Task objective
Leaving out the images, repeat all the lines below exactly.

Data below
_ _ _ _

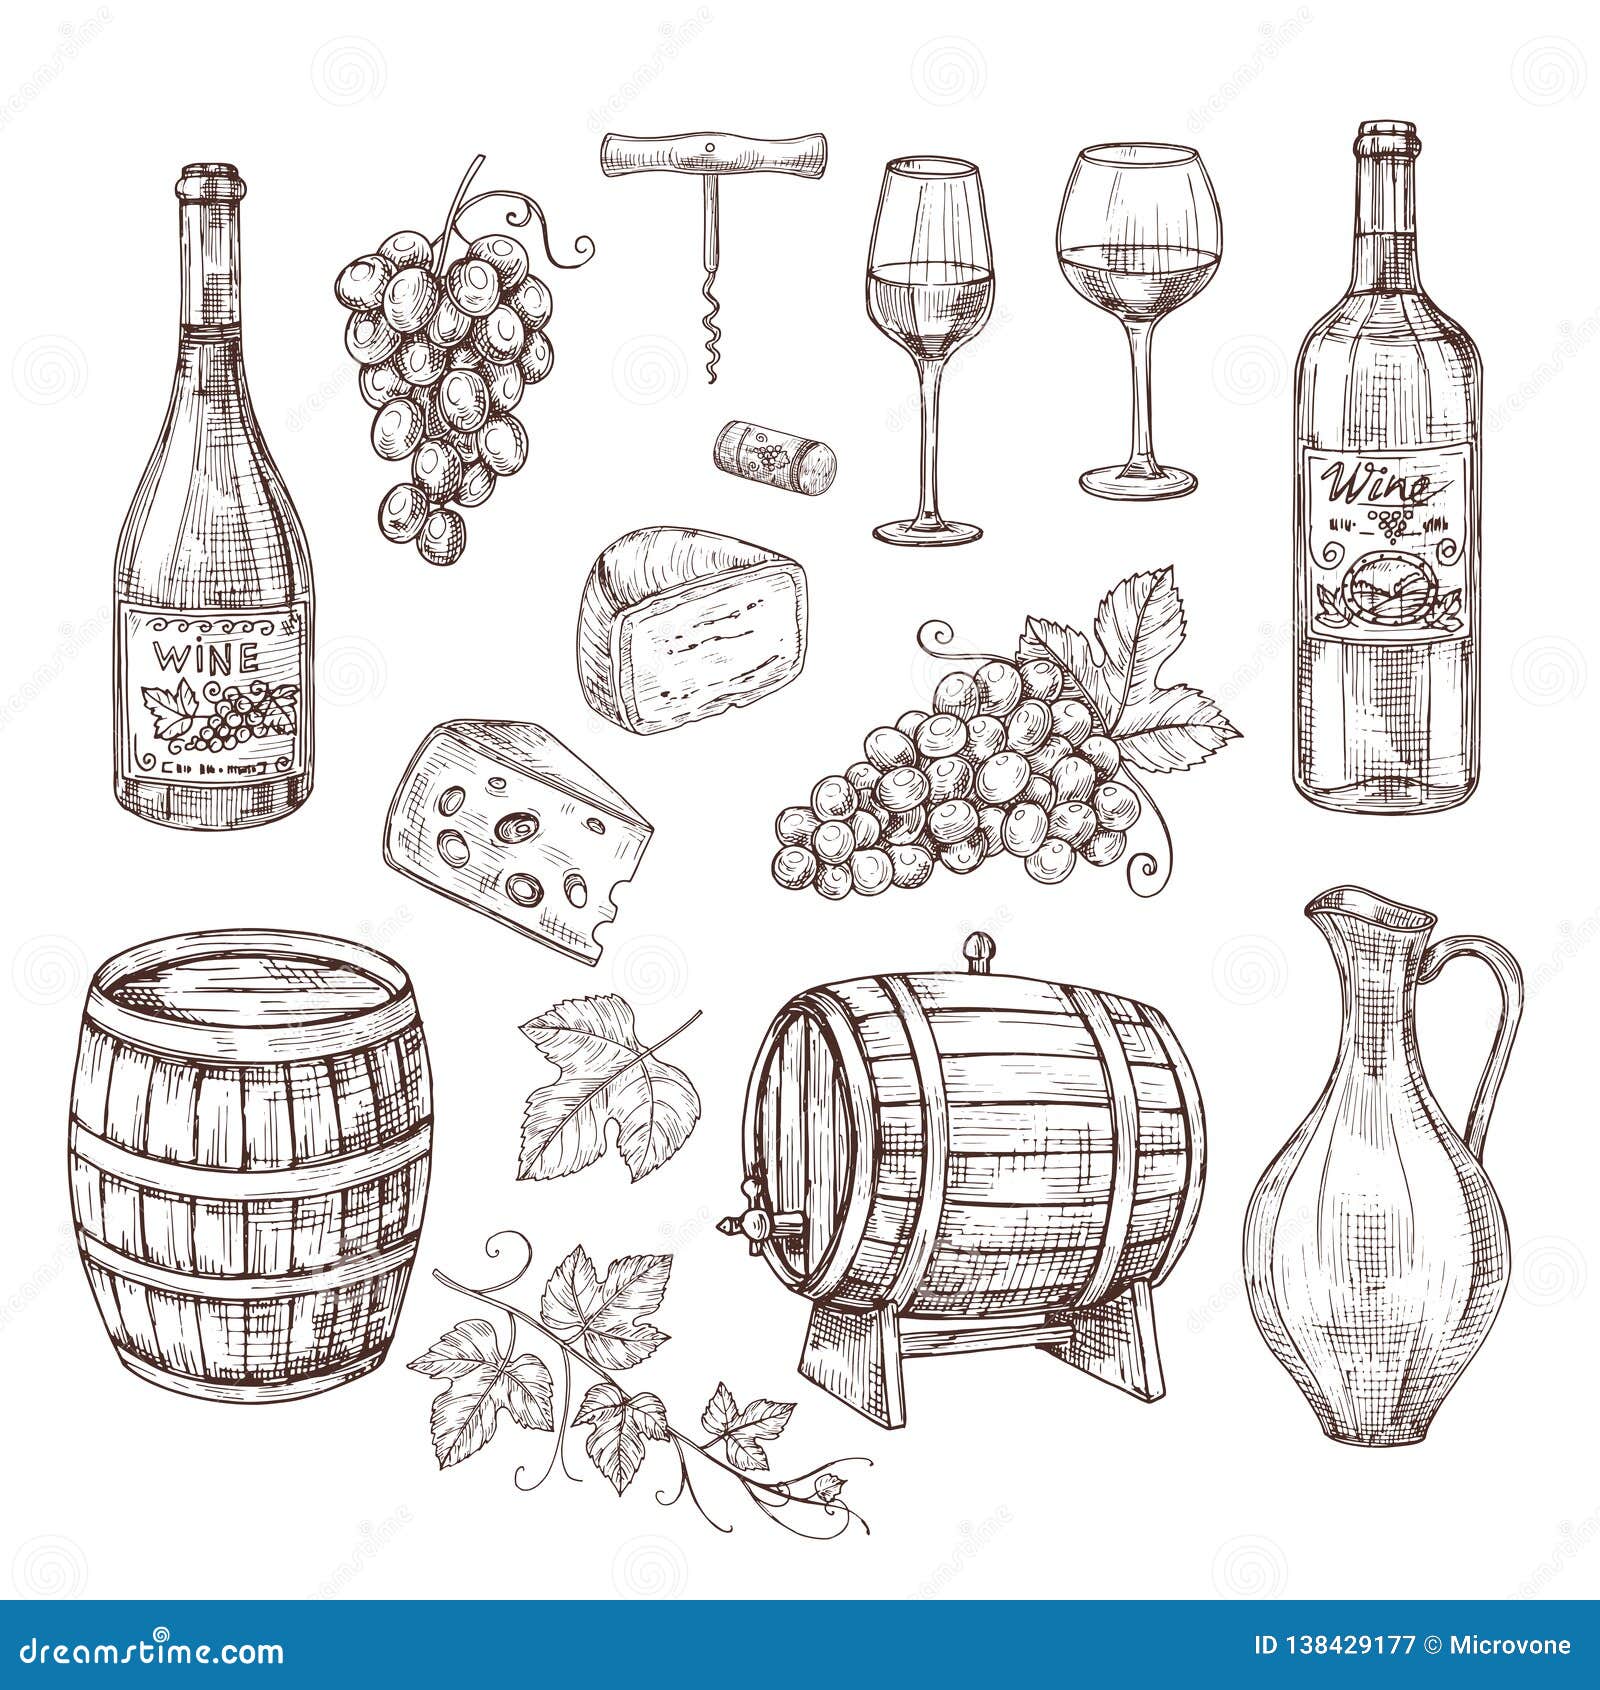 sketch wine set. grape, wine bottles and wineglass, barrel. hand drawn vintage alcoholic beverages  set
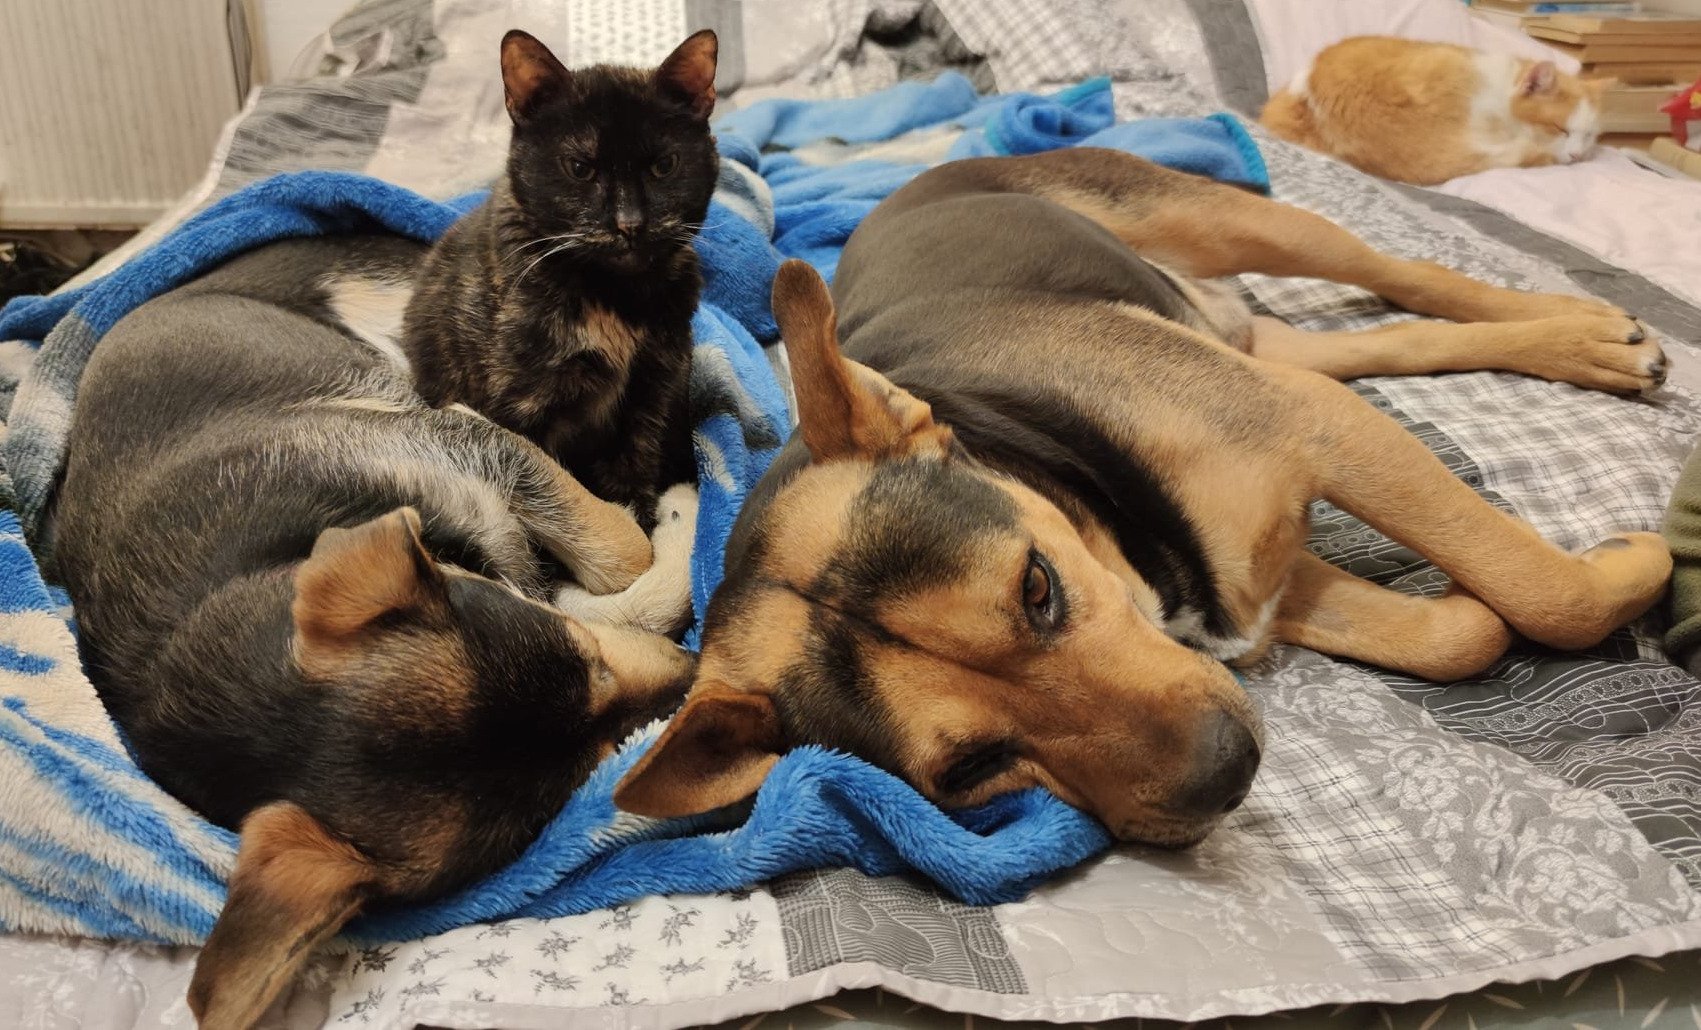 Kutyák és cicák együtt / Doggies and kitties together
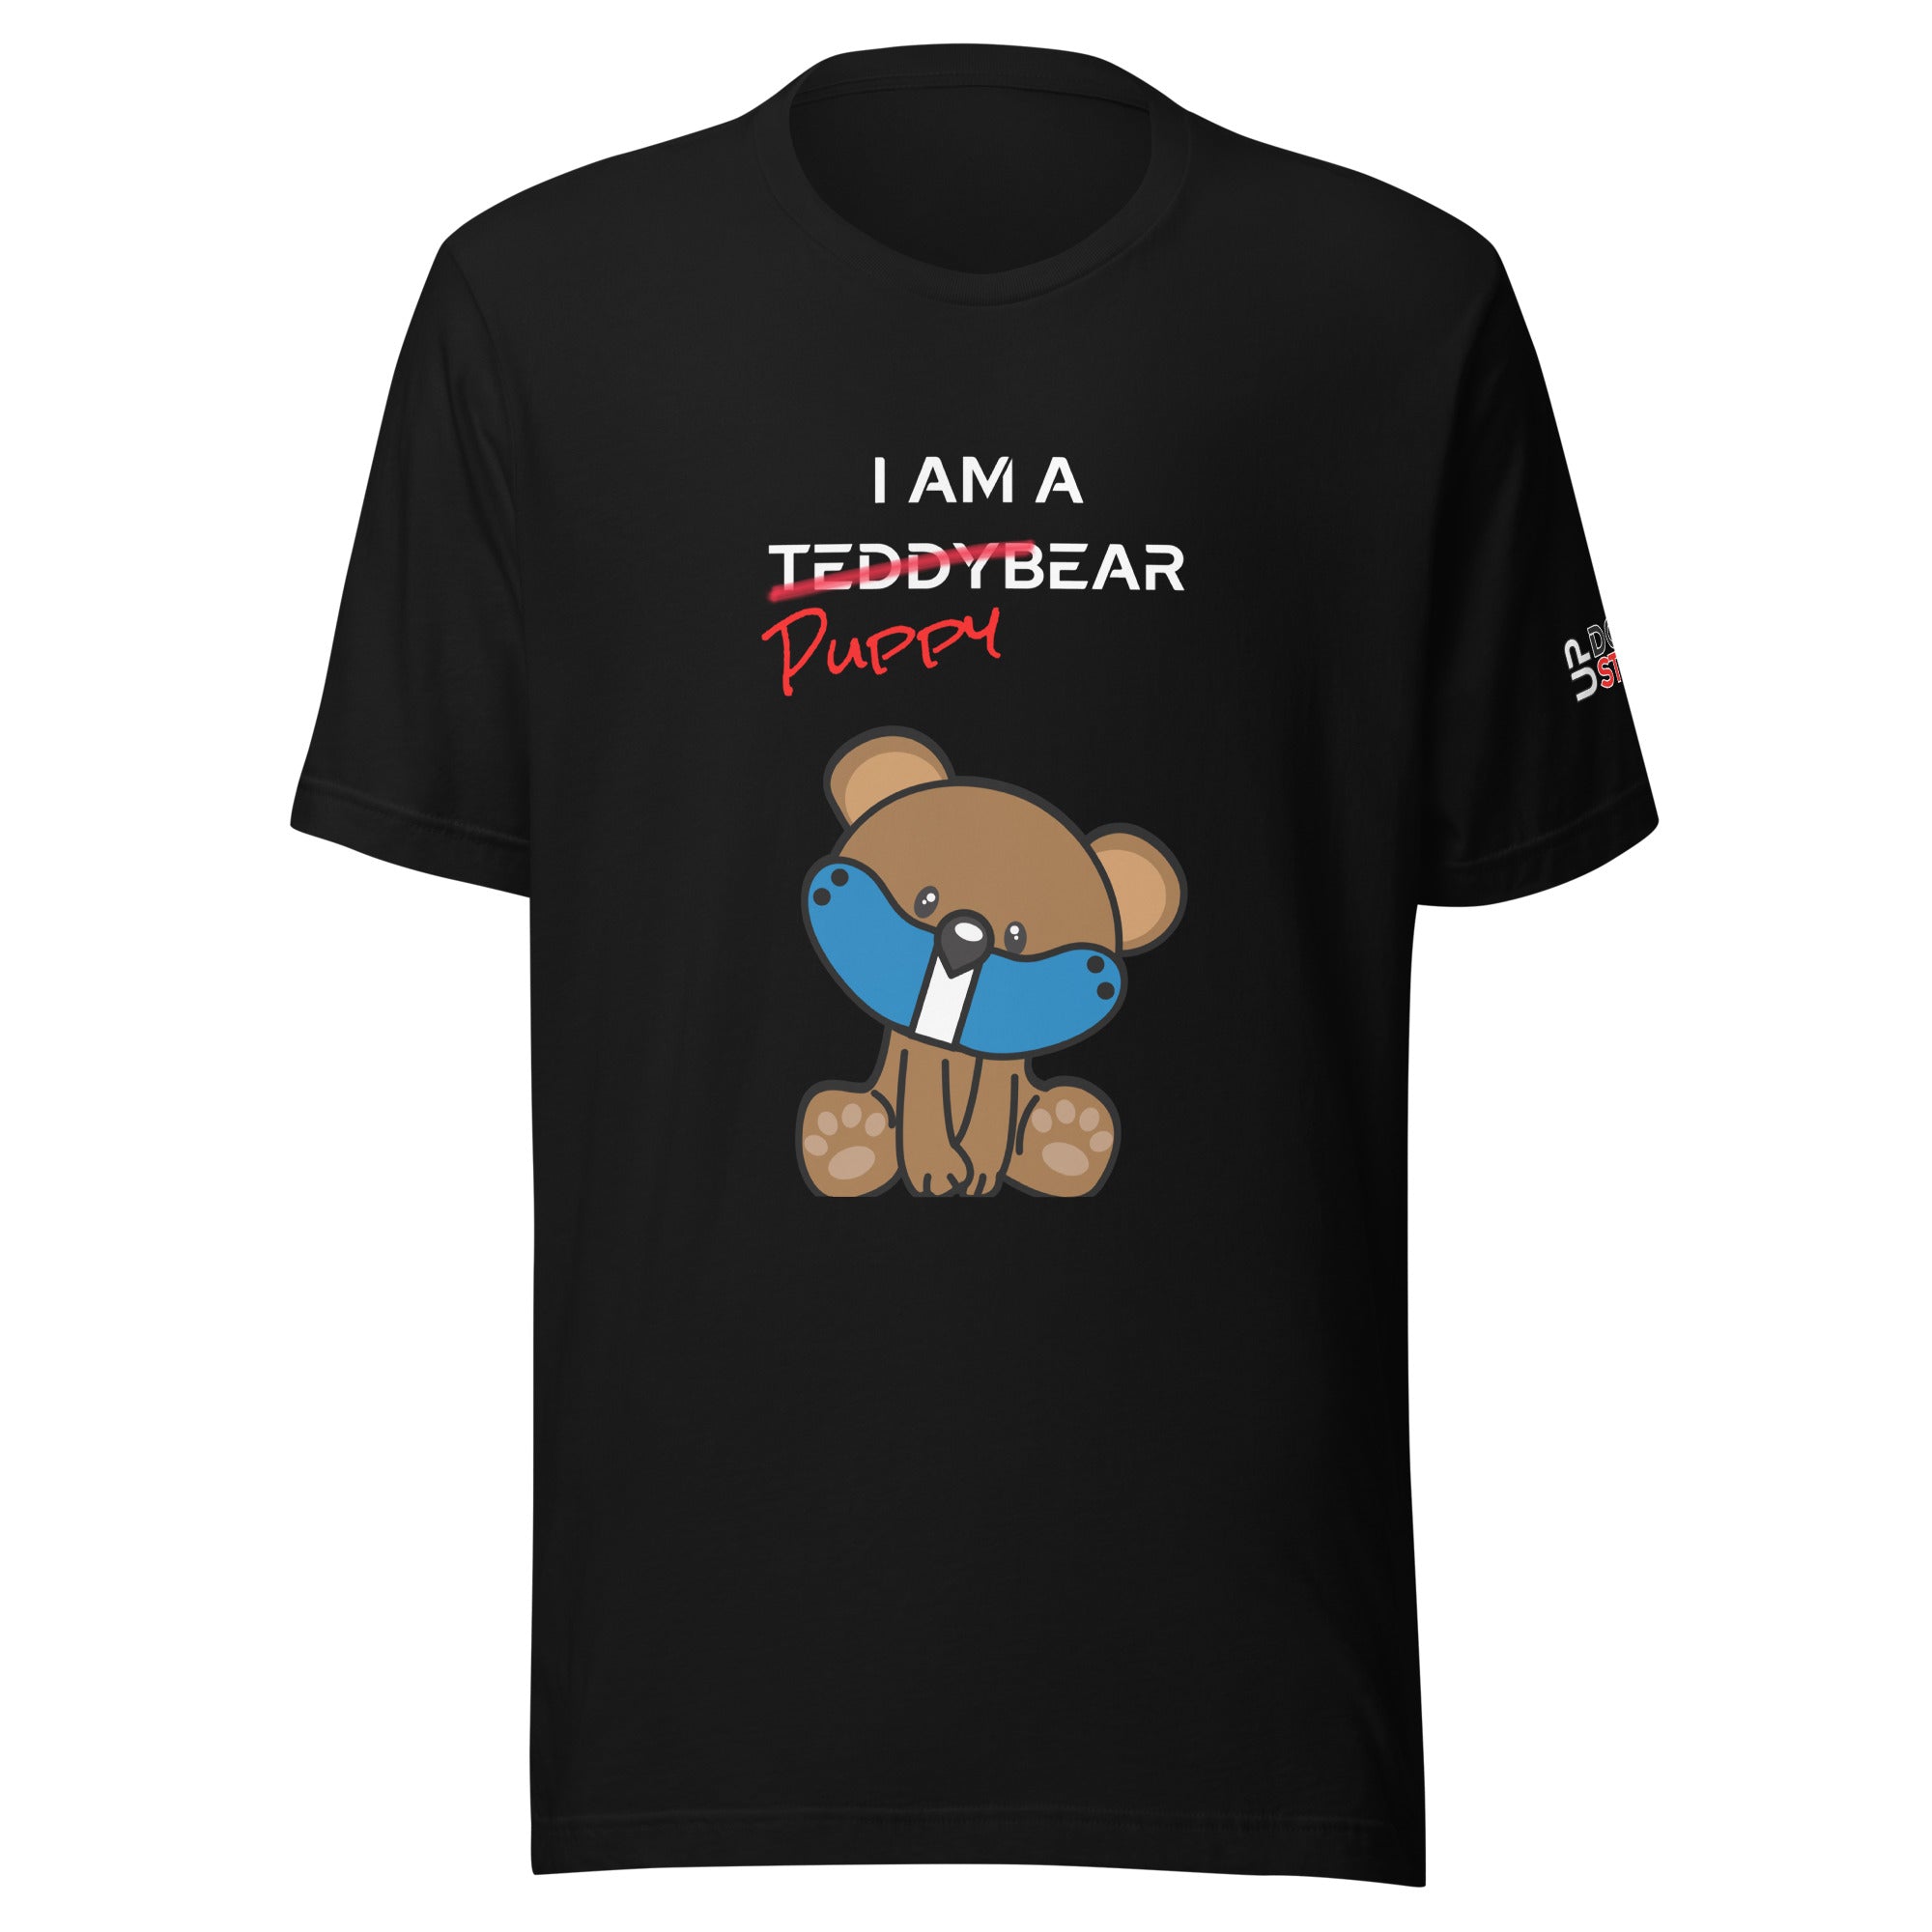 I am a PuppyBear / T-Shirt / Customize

_ _ _ _

Answer space
 sketch wine set. grape, wine bottles and wineglass, barrel. hand drawn vintage alcoholic beverages  set
 Kutyák és cicák együtt / Doggies and kitties together
 I am a PuppyBear / T-Shirt / Customize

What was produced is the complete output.